> **Task requirements**
Word for word, restate the data that follows, omitting the images.

> **Data below**
====================
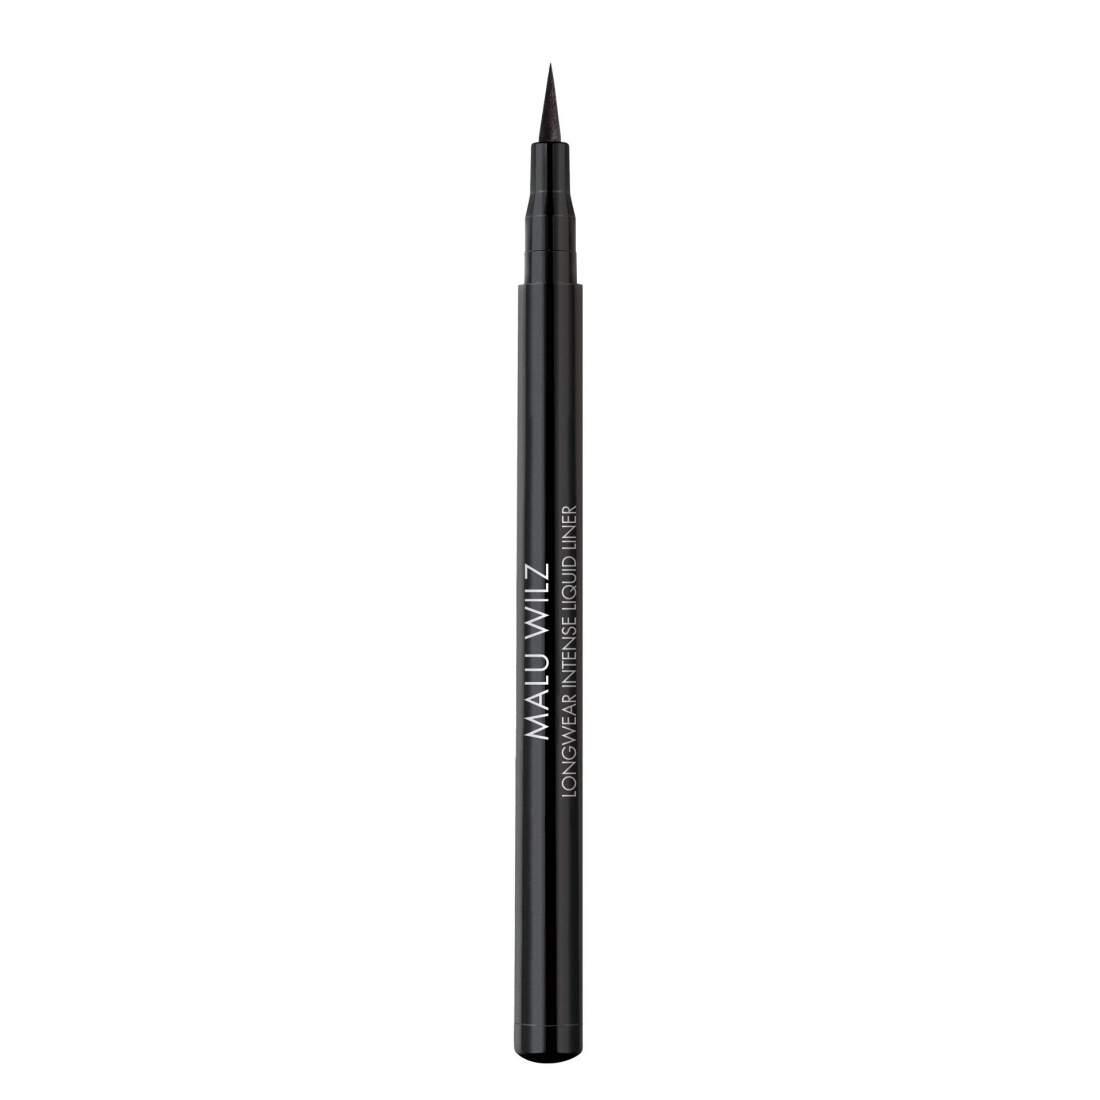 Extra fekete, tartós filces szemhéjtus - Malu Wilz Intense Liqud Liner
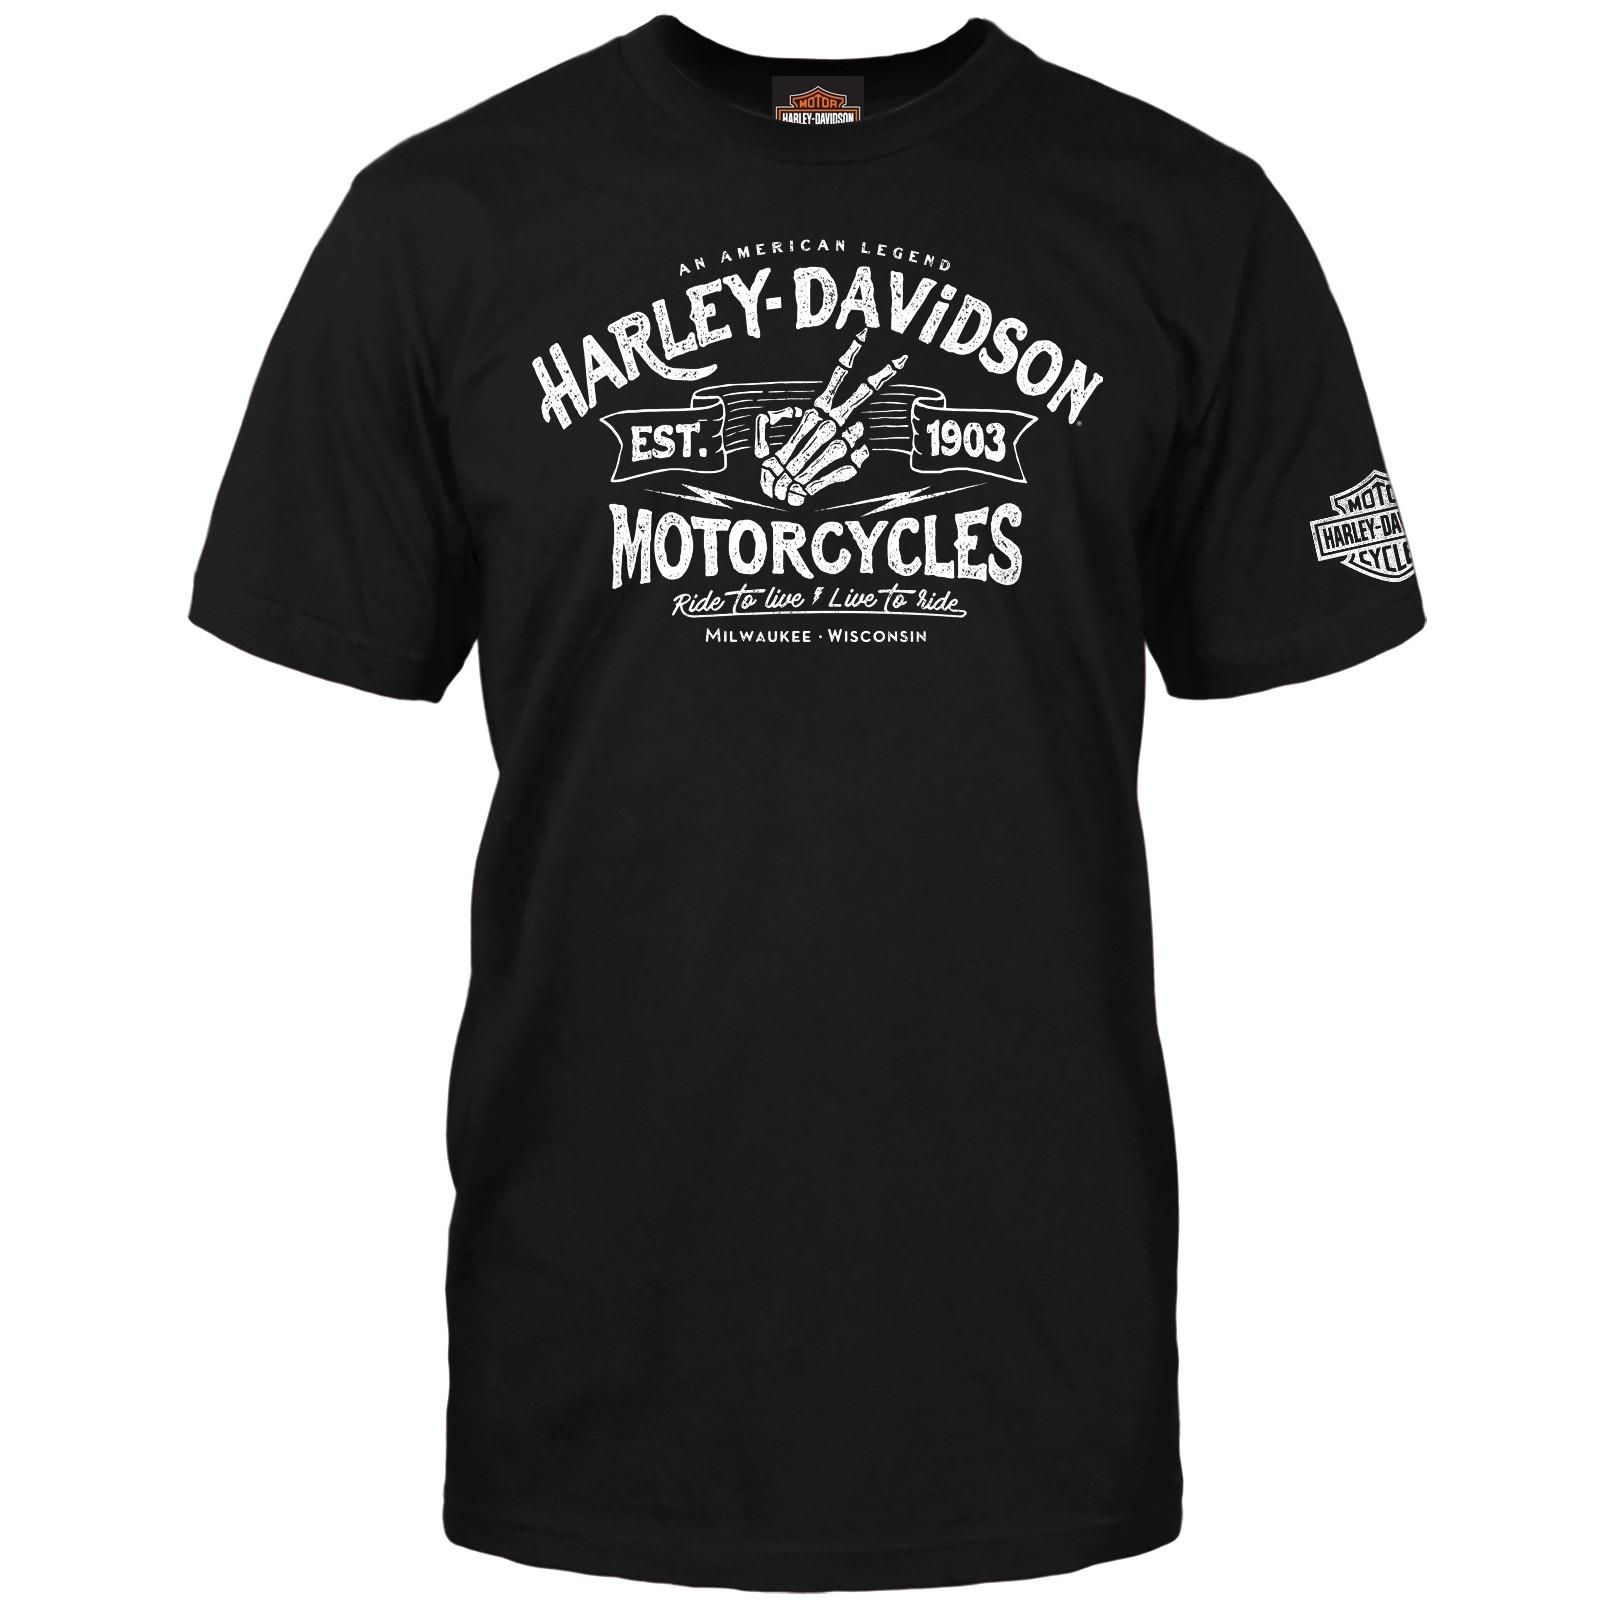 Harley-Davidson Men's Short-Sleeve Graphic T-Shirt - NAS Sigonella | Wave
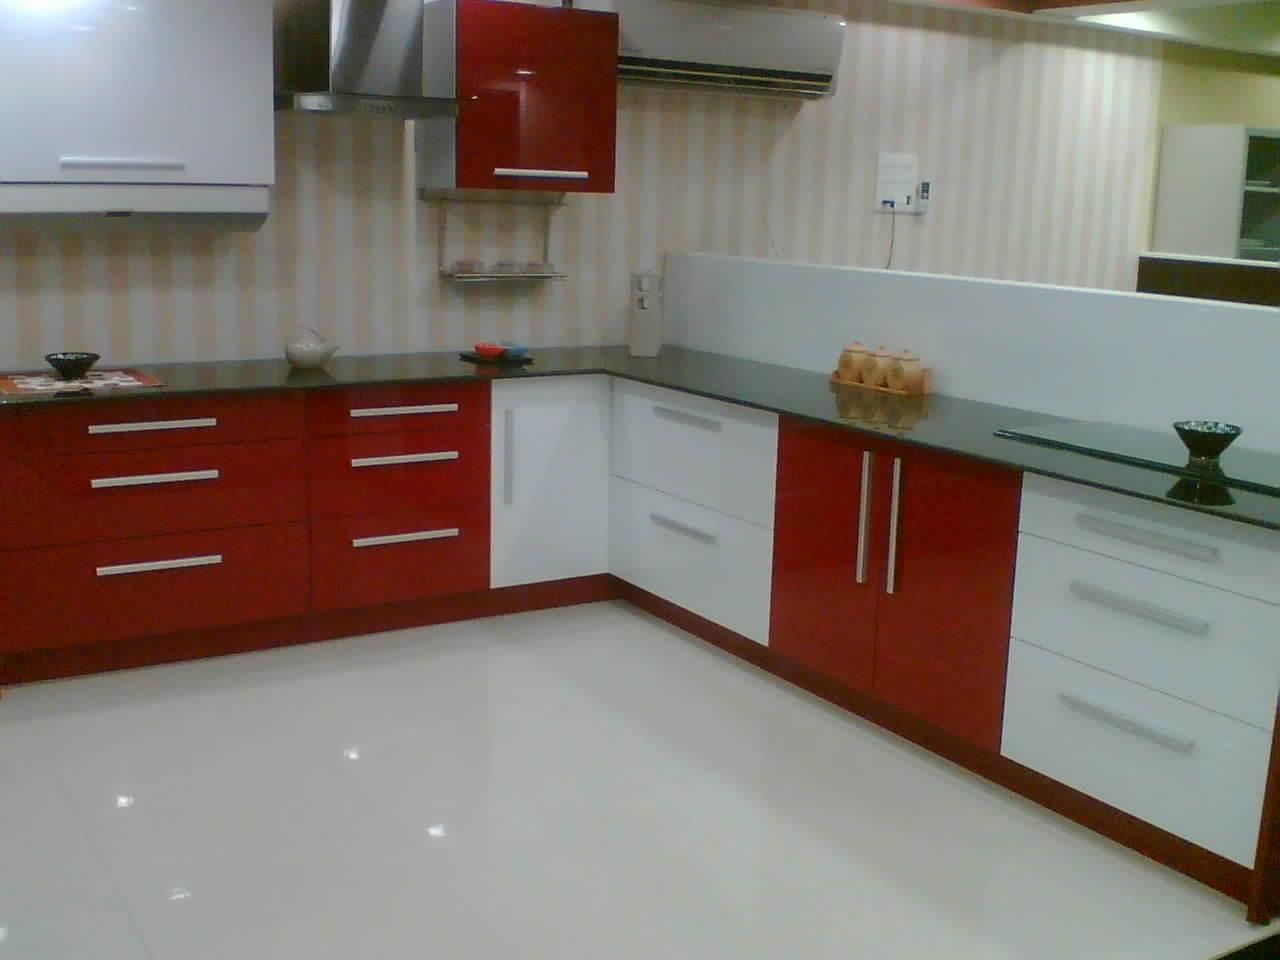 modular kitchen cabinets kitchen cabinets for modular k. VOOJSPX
====================
> **Problem solution**
 Extra fekete, tartós filces szemhéjtus - Malu Wilz Intense Liqud Liner
 Harley-Davidson Men's Short-Sleeve Graphic T-Shirt - NAS Sigonella | Wave
 modular kitchen cabinets kitchen cabinets for modular k. VOOJSPX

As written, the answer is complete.